3 Tips for Responsible Use of AI Chatbots #

With this knowledge, you can probably be a little more forgiving of AIs when the answers aren't so satisfactory after all. To avoid losing your fun with AI tools in the process, here are a few tips on how to use them responsibly:

Fact-Checking #

Use AIs as an assisting tool, but never as the final authority. Check the results and question the answers.

Provide as Much Detail as Possible #

An AI will throw back general questions with general answers. If you want to get a nice answer, describe your problem as detailed as possible. This way, outputs that make more sense will come back more often.

Feedback #

An AI is worth nothing without training data. And that comes from you as well. So tell the AI when it is right and especially when it is wrong. This will benefit future queries.

The Difficulties Between Data Control and Autonomy #

When we ask an AI something, we can assume that this content will be cached and processed on its server. Whether this content ultimately remains on the server after the request, e.g. to collect personal data and use it for advertising purposes, depends purely on the AI developer:s and their privacy policy. The global pioneer OpenAI specifically states that they do not use this data for commercial purposes and, above all, that they treat it in a GDPR-compliant way. However, this need not always be the case, because it would be possible that the data could also be used to create user profiles. For example, Google formulates the privacy statement for its in-house chatbot Bard very vaguely:

Google collects your Bard conversations, related product usage information, info about your location, and your feedback. Google uses this data, consistent with our Privacy Policy, to provide, improve, and develop Google products and services and machine learning technologies, including Google’s enterprise products such as Google Cloud. (As of September 19, 2023)
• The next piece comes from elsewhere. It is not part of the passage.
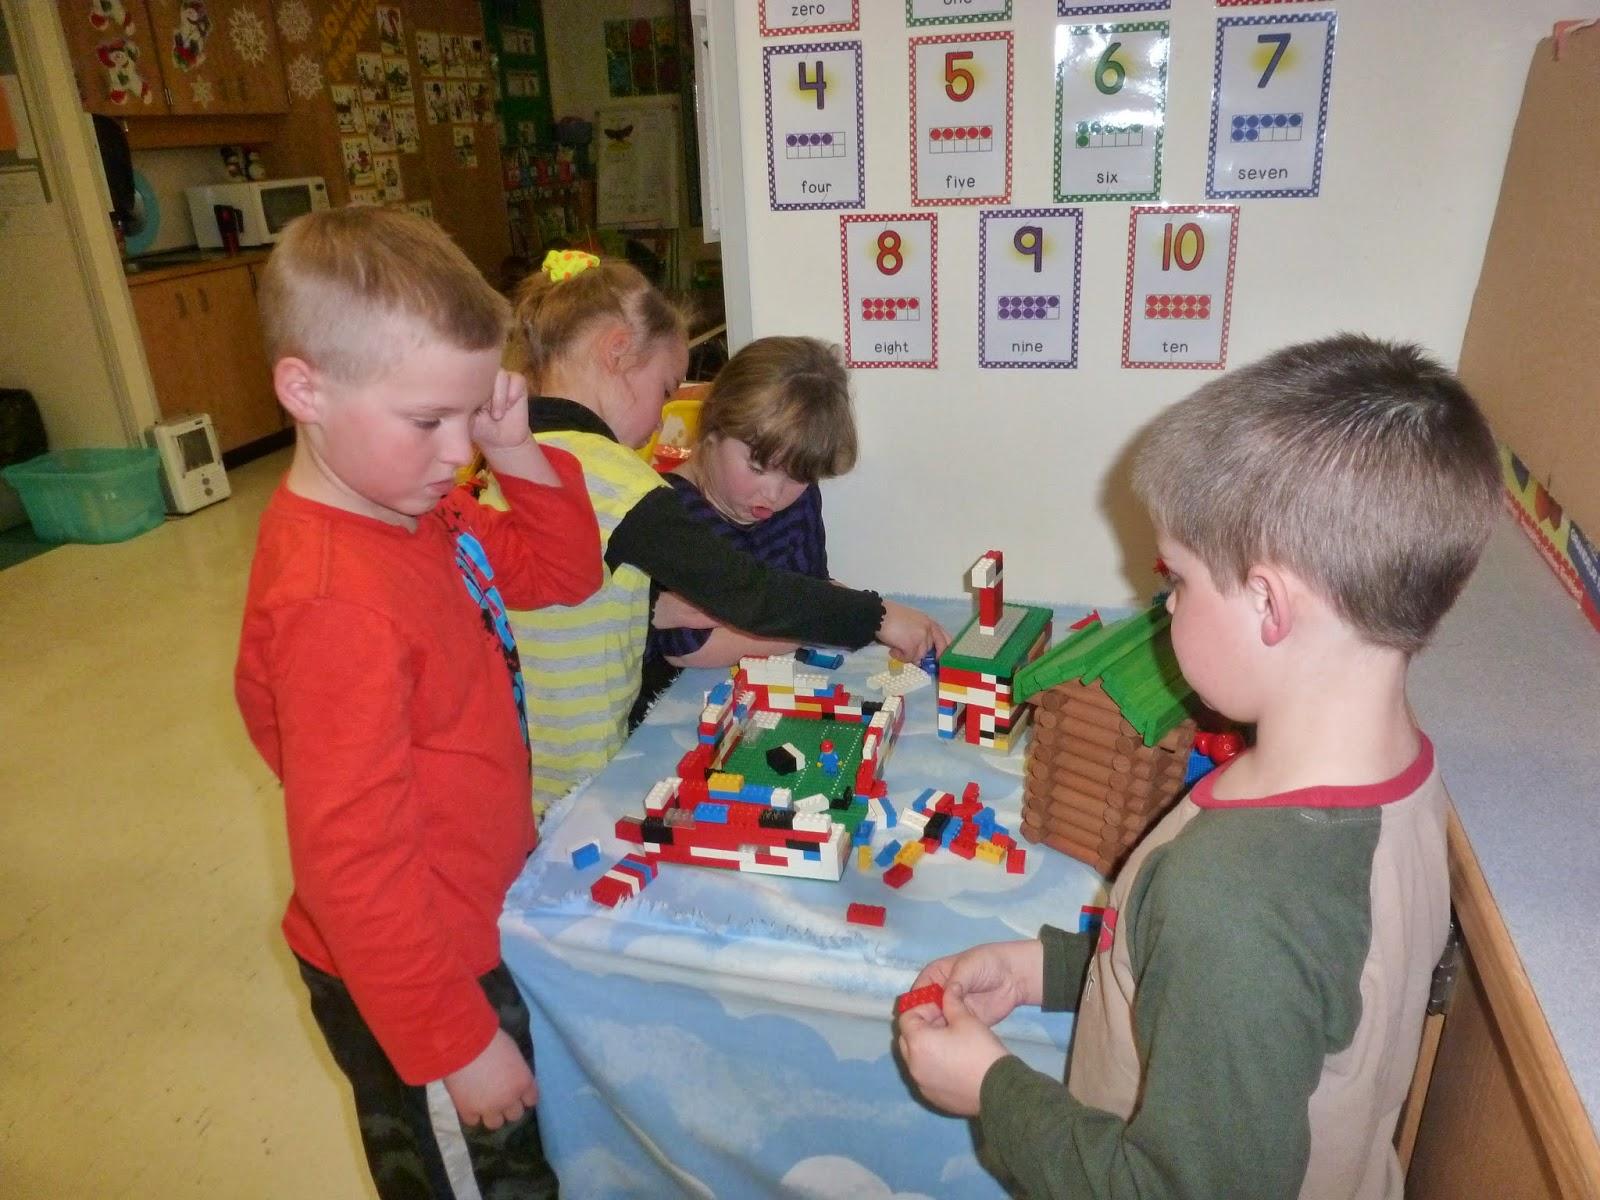 Miss Vanchu S Classroom Blog The Three Little Pigs

Since Google's product range is very diverse, we as end users do not know exactly whether the data is only used to optimize the AI systems or also for Google's personalized advertising services.
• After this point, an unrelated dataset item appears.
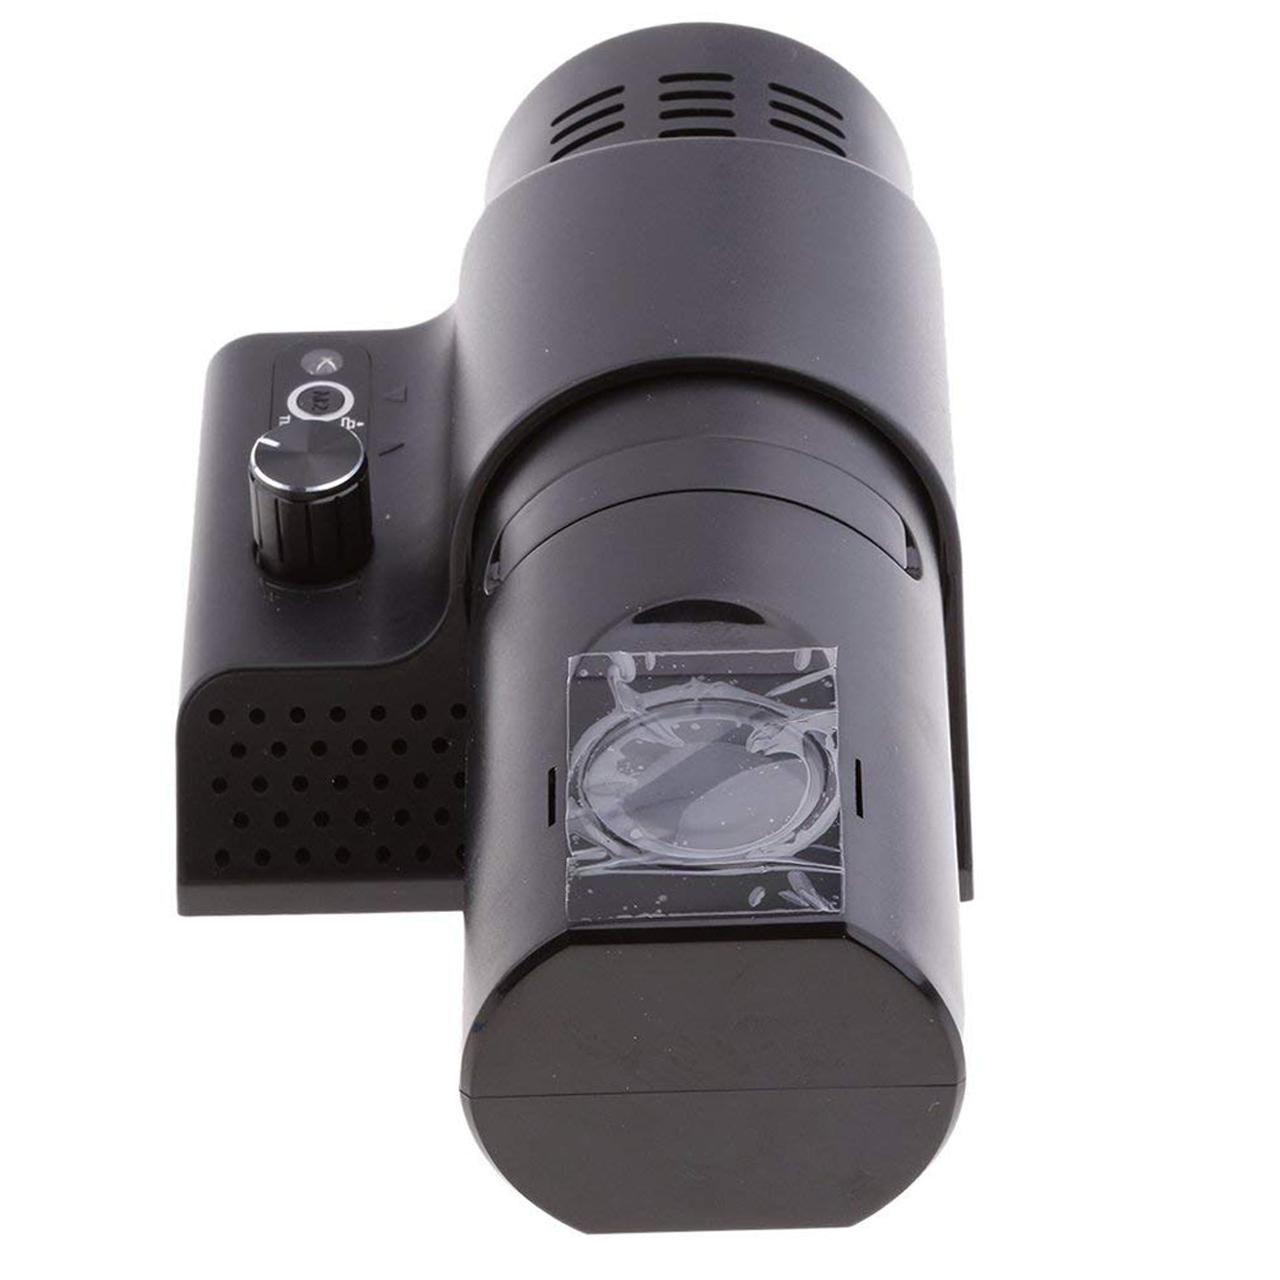 ساعت پروژکتوری مدل X Projector

What is often unclear with almost all AI chatbots, however, is how and whether previously entered data comes back as output. Despite human control, AI is often an autonomous system that calculates its own responses through probabilities and previous interactions. It is not unlikely that previously stated information will come back in the form of an output. A behavior over which one has little control, even as an AI developer:in. Therefore, one should never disclose personal and sensitive information to an AI. And if this does happen accidentally, make sure to immediately visit the privacy or contact page of the AI operator and send a request to revoke. OpenAI has a dedicated contact form for this purpose.

Our Conclusion #

The use of AI tools, especially Large Language Models such as ChatGPT, undoubtedly offers many advantages and potentials to optimize processes and open up new opportunities (here we show an overview of currently popular AI tools in various areas). However, we should be aware of the challenges and risks. Misinformation can arise because AI models are trained on the data provided to them and are influenced by user feedback. As responsible users, we should therefore critically question AI generated data and check the result. Fact-checking and providing detailed information can help AI responses become more accurate and relevant.
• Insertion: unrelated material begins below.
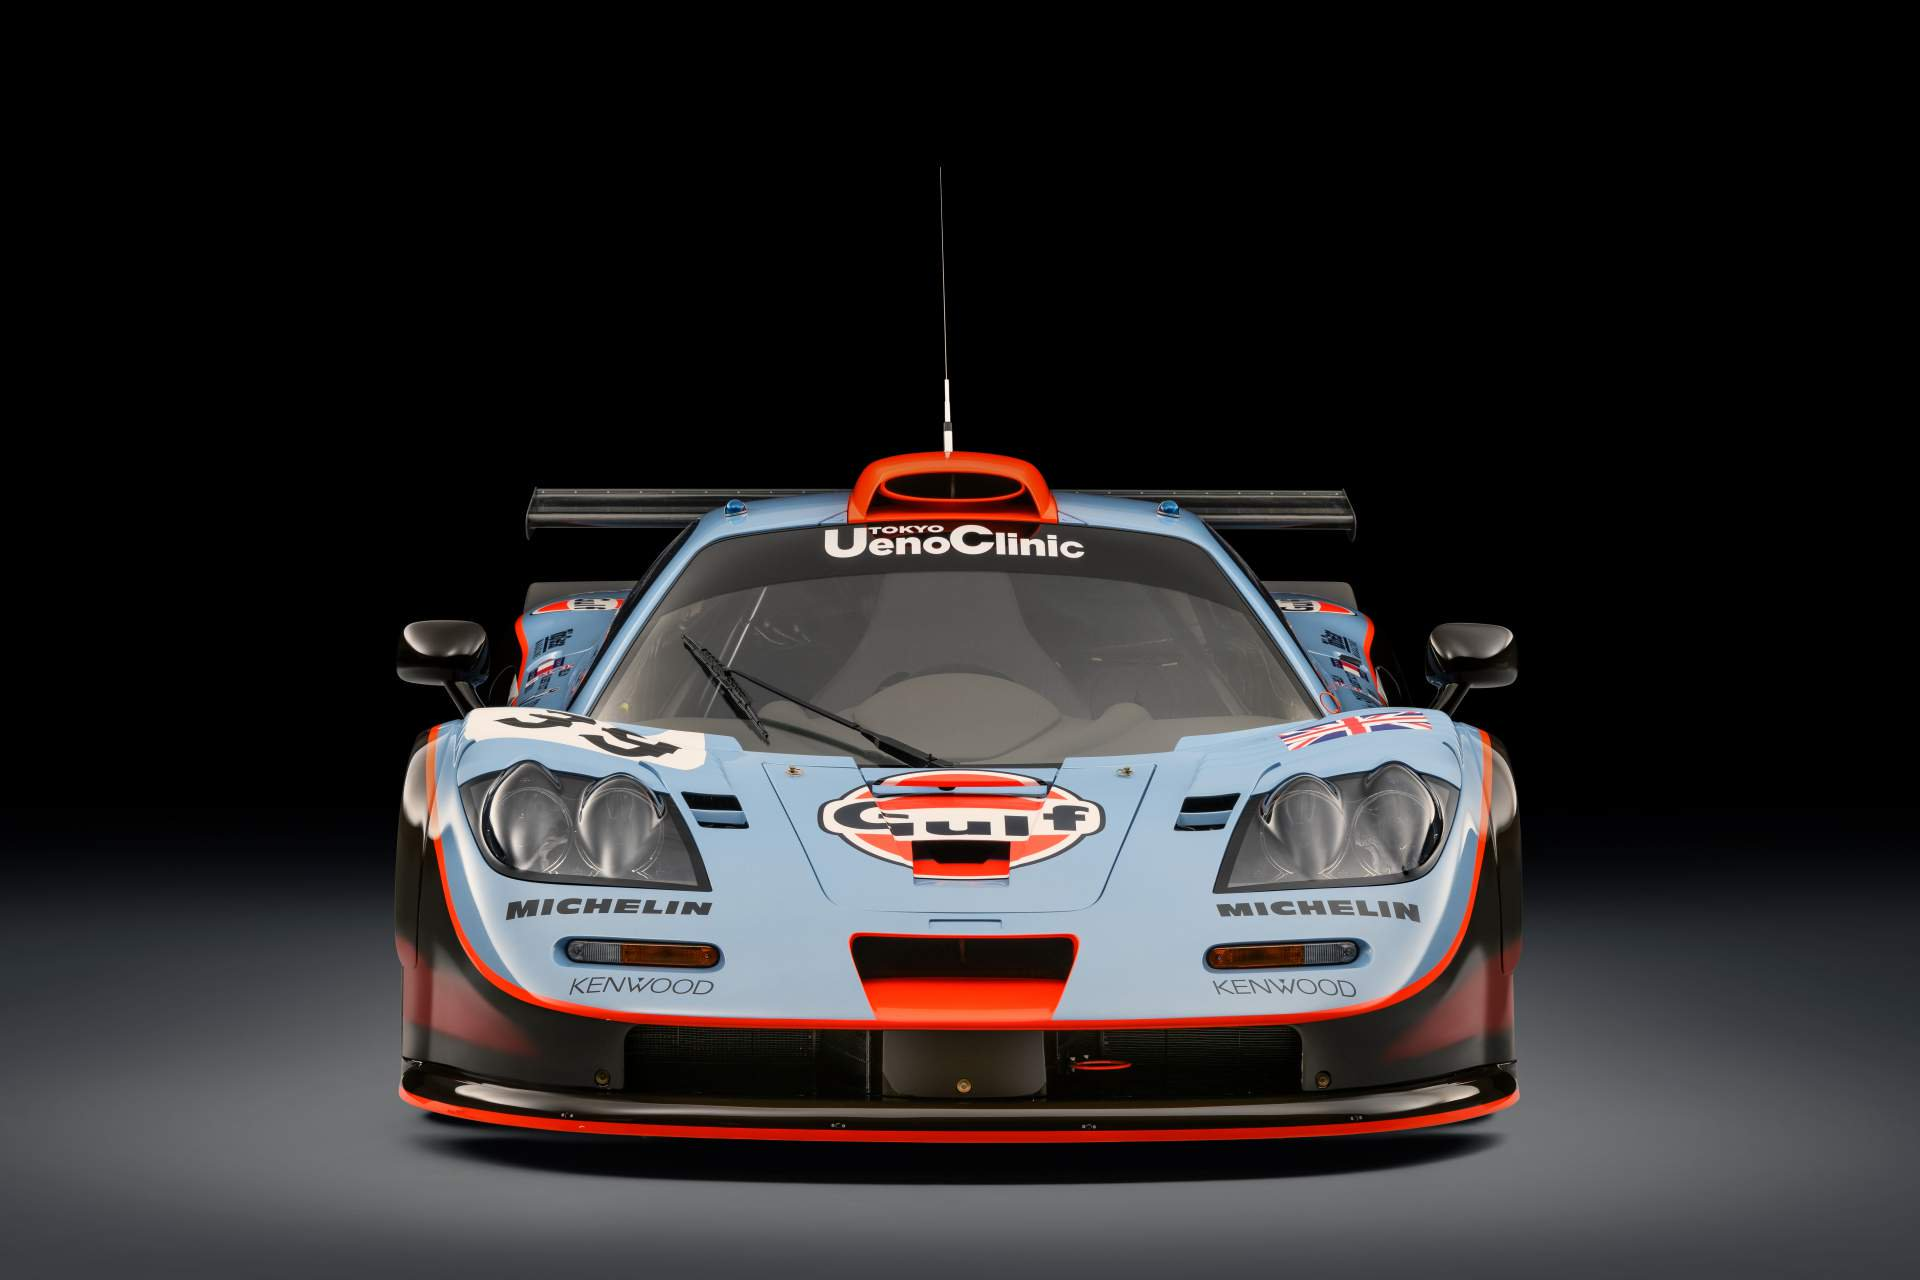 McLaren F1 GTR Longtail 25R restored by MSO (1)

In addition, we should be aware of data protection. AI tools store and process our queries, and it's important to know how that data is used. Companies like OpenAI have privacy policies, but this is not always true for all providers. Therefore, we should not disclose personal and sensitive information to AIs carelessly, and if we have concerns, we should immediately visit the privacy or contact page of the provider or operator.

Overall, AI tools can be a valuable addition to everyday work, but we should use them carefully and responsibly to unlock their potential while minimizing the risks. By being highly aware and providing feedback as users, we can help AI systems evolve and maximize their benefits without losing control of our data and the credibility of the information.